# Moebius' New CREATURE arrival date?



## ERVysther (May 2, 2009)

Any news on when this one is popping up? 

I saw a release date on the Monsters In Motion site of 12/12/12.

http://www.monstersinmotion.com/car...2/creature-with-julia-adams-model-kit-p-17101


----------



## DinoMike (Jan 1, 1970)

Frank mentioned on the Moebius Facebook page that's it's looking like sometime in the 1st quarter of 2013. Box art issues held it up.


----------



## Jimmy B (Apr 19, 2000)

I think late January-ish
Meantime Enjoy Krogar, Drac Delux, New Ironman, Catwoman ect ect ect


----------



## painter x (Oct 15, 2006)

This is the one I have been waiting for


----------



## Moebius (Mar 15, 2007)

They hit port in California on January 14th. Depending on customs and port traffic, they should be on the road to distributors in less than two weeks.


----------



## deadmanincfan (Mar 11, 2008)

Once again Frank and company deliver styrene goodness! Thankee, sir!


----------



## painter x (Oct 15, 2006)

Moebius said:


> They hit port in California on January 14th. Depending on customs and port traffic, they should be on the road to distributors in less than two weeks.



This is great news Now we must dance


----------



## Zombie_61 (Apr 21, 2004)

Moebius said:


> They hit port in California on January 14th.
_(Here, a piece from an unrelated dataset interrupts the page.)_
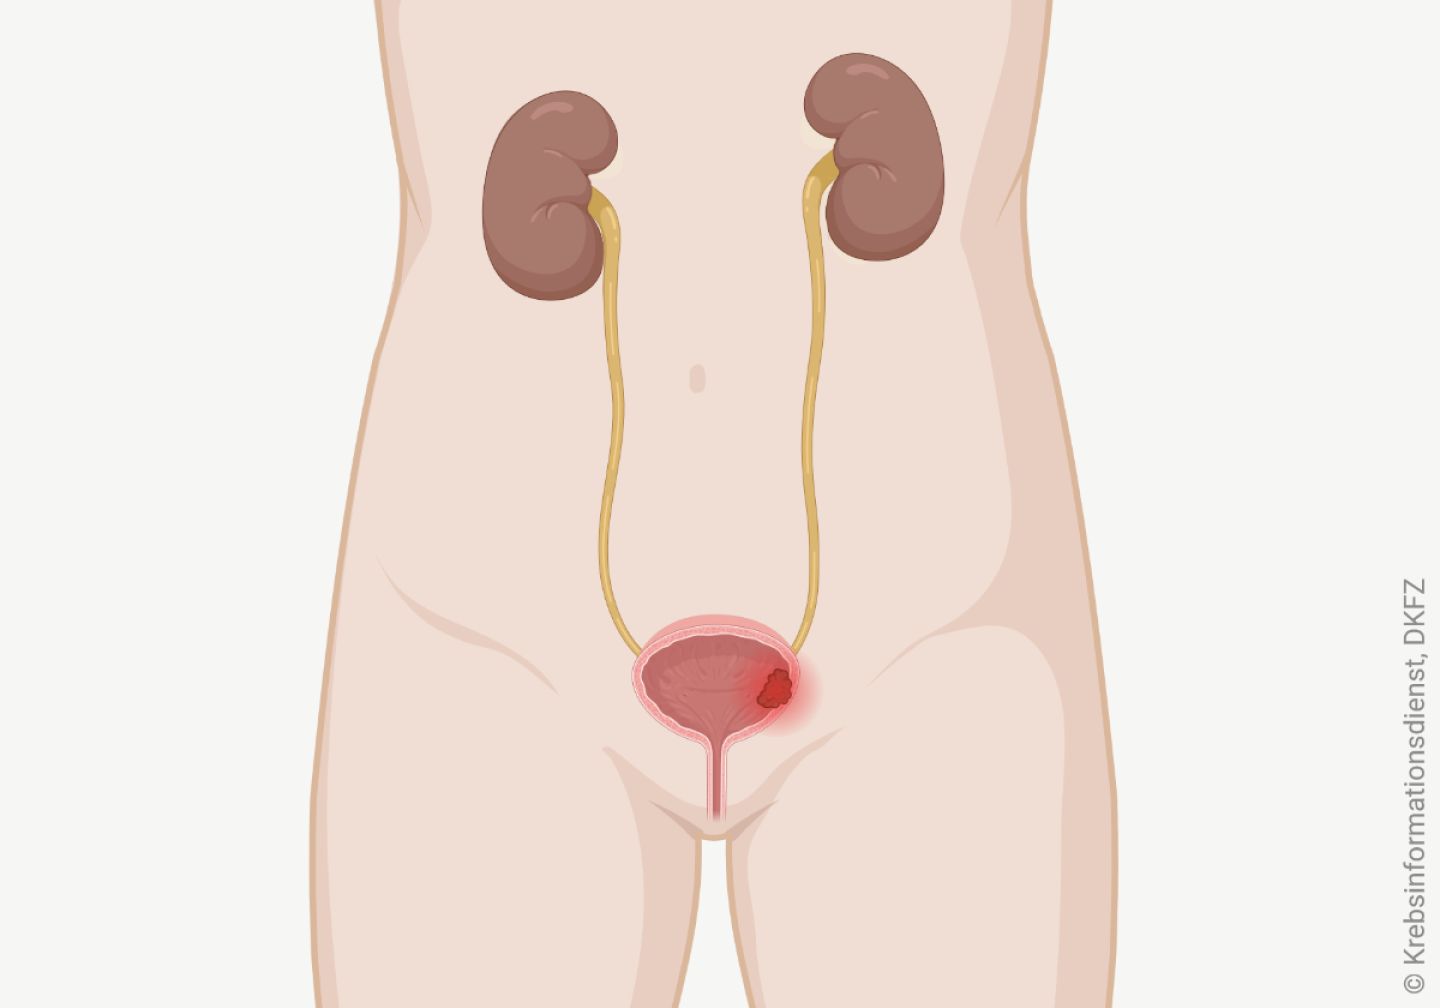 Schematische Darstellung der ableitenden Harnwege mit Nieren, Harnleiter, Harnblase und Harnröhre
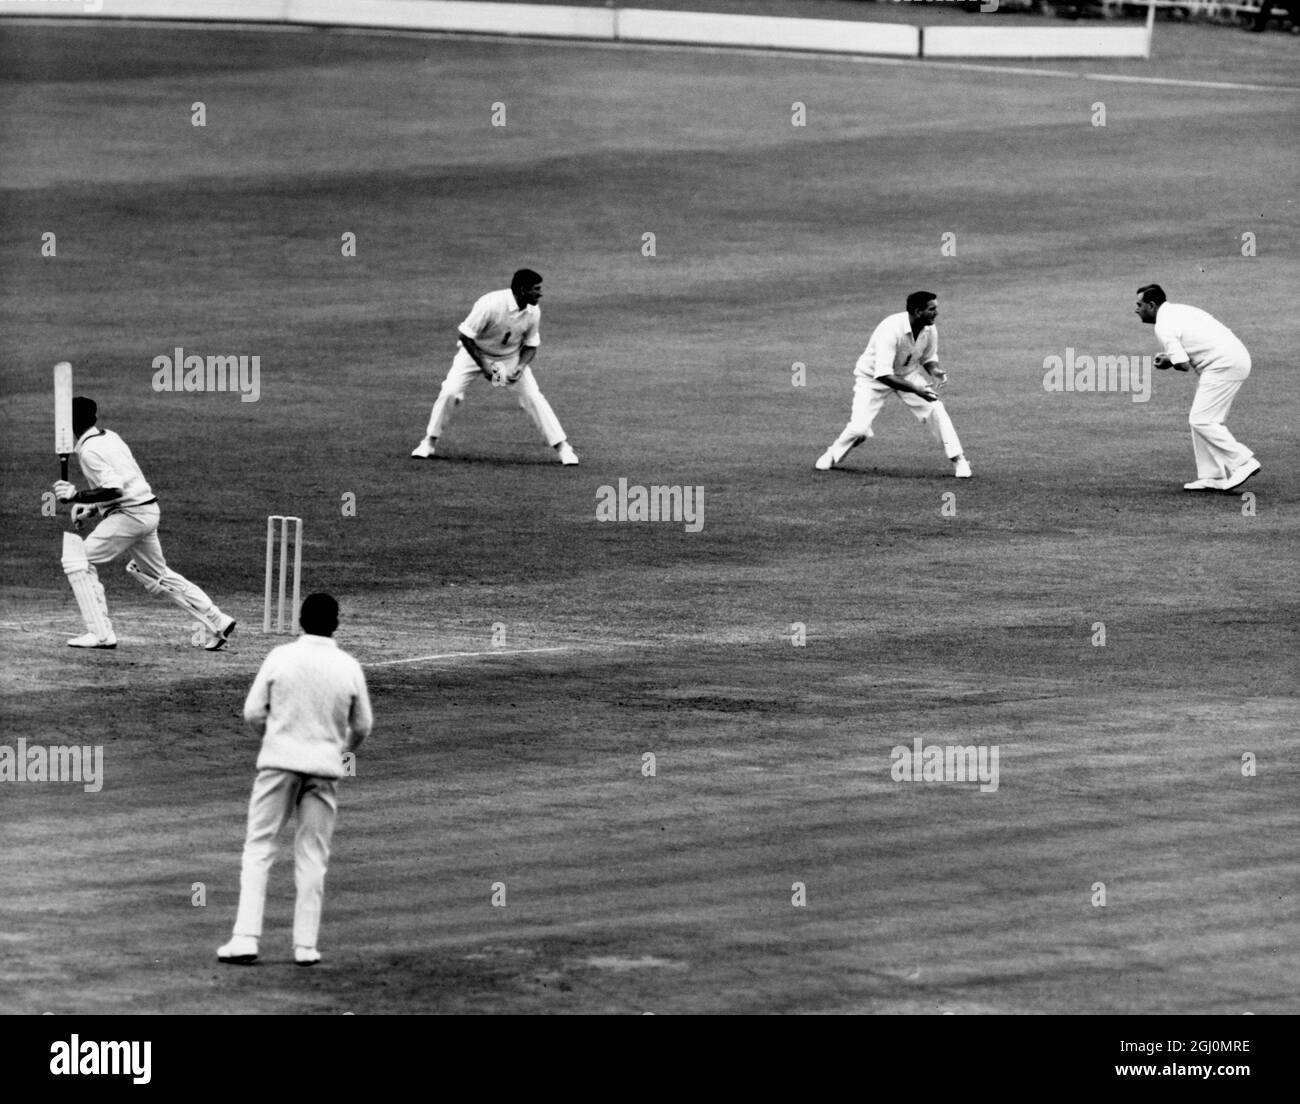 Cricket bei Lords 2. Testspiel England gegen Australien Ashes Serie Fourth Day J W Gleeson (Australien) wird von M C Cowdrey aus der Bowling von D J Brown für 14 gefangen. Dieser Fang von Cowdrey ist ein Weltrekord bei den Fängen. Juni 1968 Stockfoto

Depending on customs and port traffic, they should be on the road to distributors in less than two weeks.


Jeez, you guys work fast! :thumbsup:


----------



## djnick66 (May 2, 2008)

Good news I was waiting to buy Kogar, Dracula and the Creature together...


----------



## Mitchellmania (Feb 14, 2002)

Great timing! I'm almost finished with my Custom Dracula !!


----------